## Data
__________________________________________________

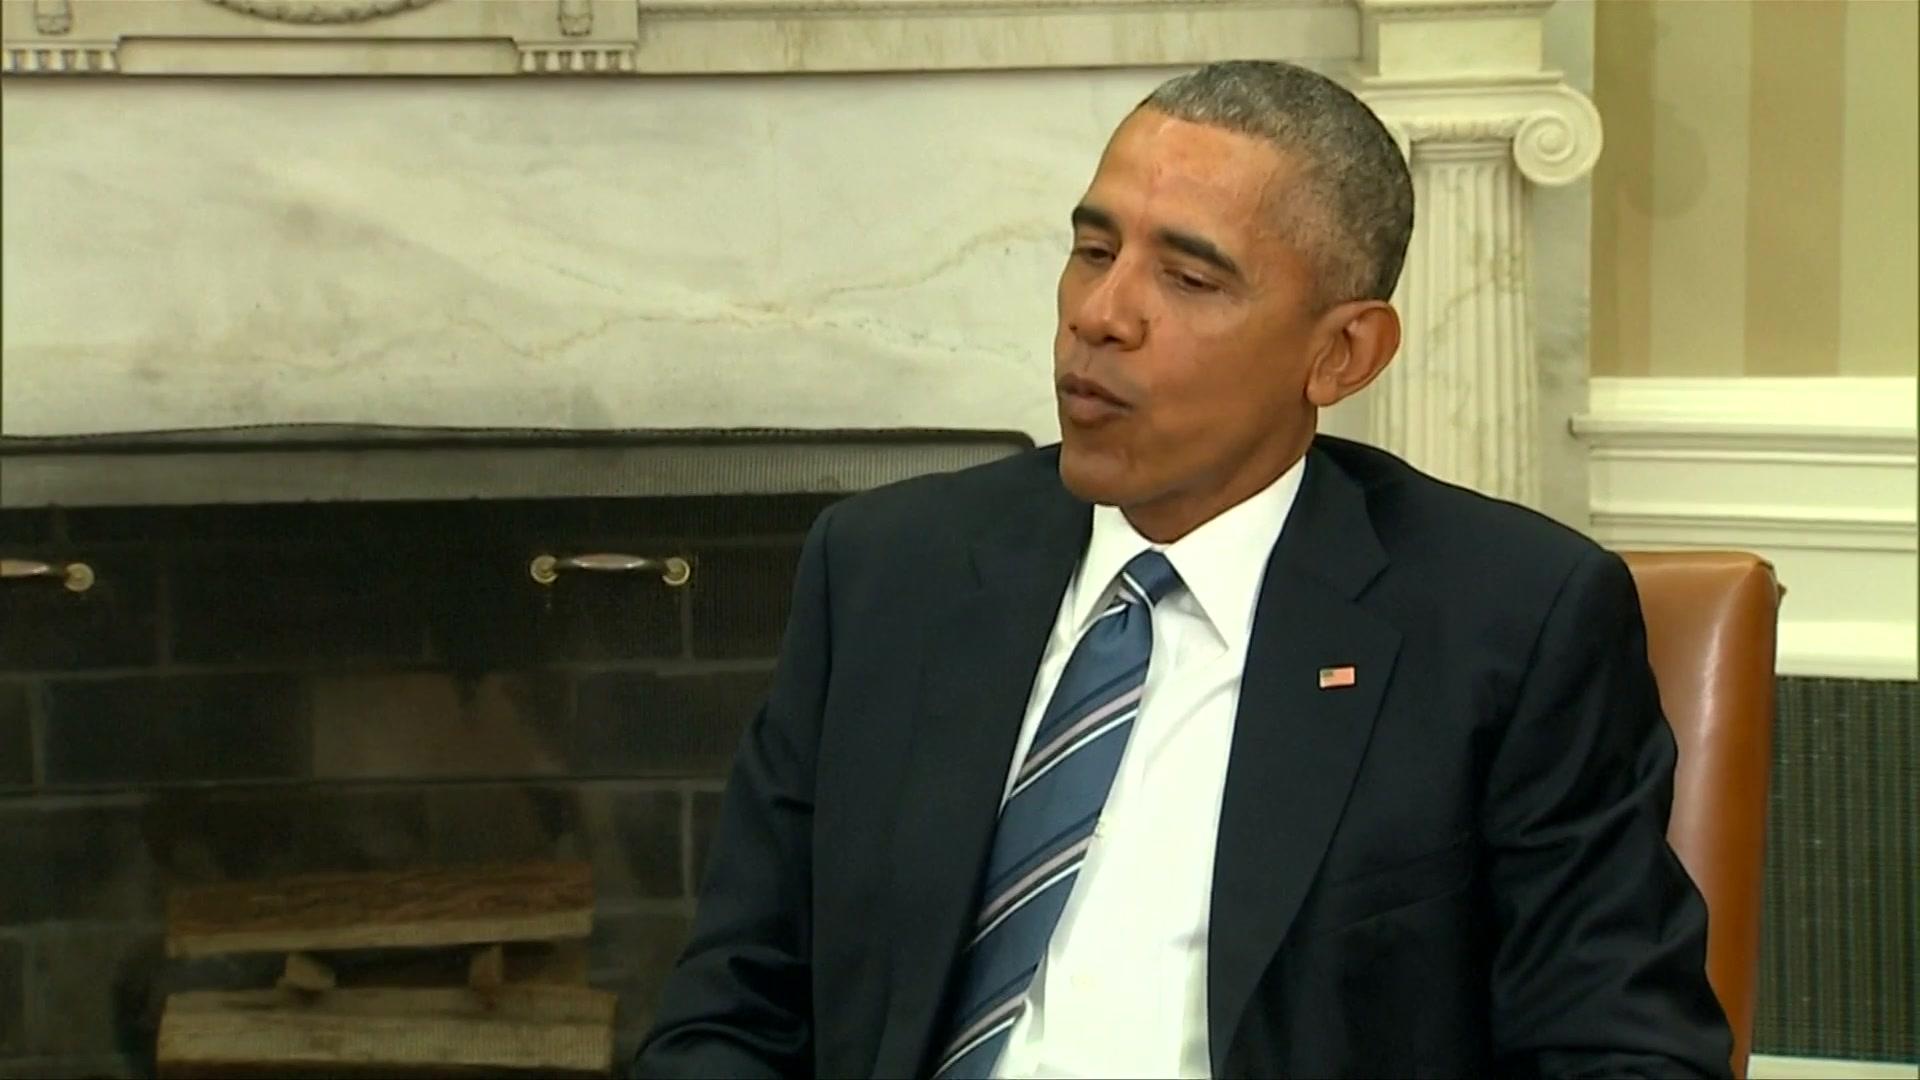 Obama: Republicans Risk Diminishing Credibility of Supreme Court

__________________________________________________

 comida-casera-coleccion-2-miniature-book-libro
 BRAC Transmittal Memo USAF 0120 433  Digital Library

__________________________________________________

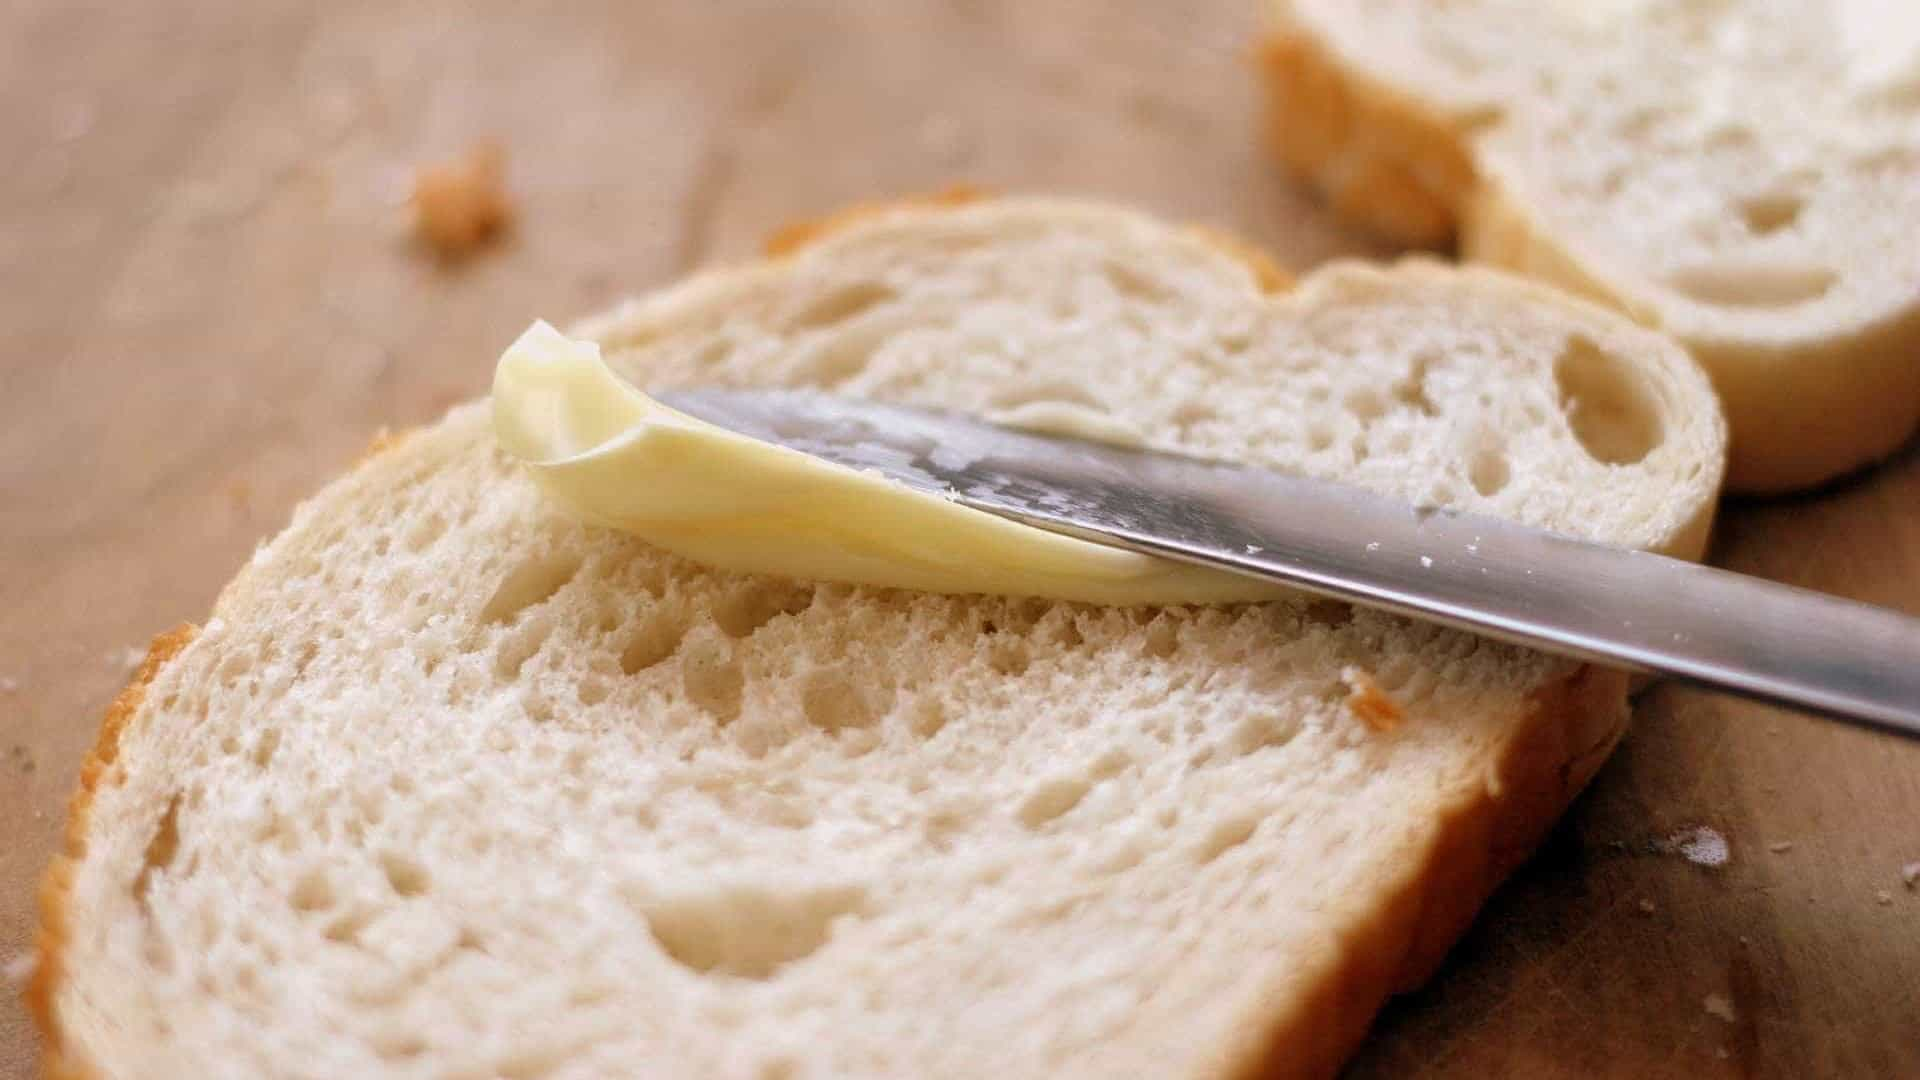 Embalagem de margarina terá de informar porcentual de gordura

__________________________________________________

## Problem details
Return word for word the lines above from the line with "comida-casera-coleccion-2-miniature-book-libro" to the line with "BRAC Transmittal Memo", including both and leaving out all others.

## Task answer
 comida-casera-coleccion-2-miniature-book-libro
 BRAC Transmittal Memo USAF 0120 433  Digital Library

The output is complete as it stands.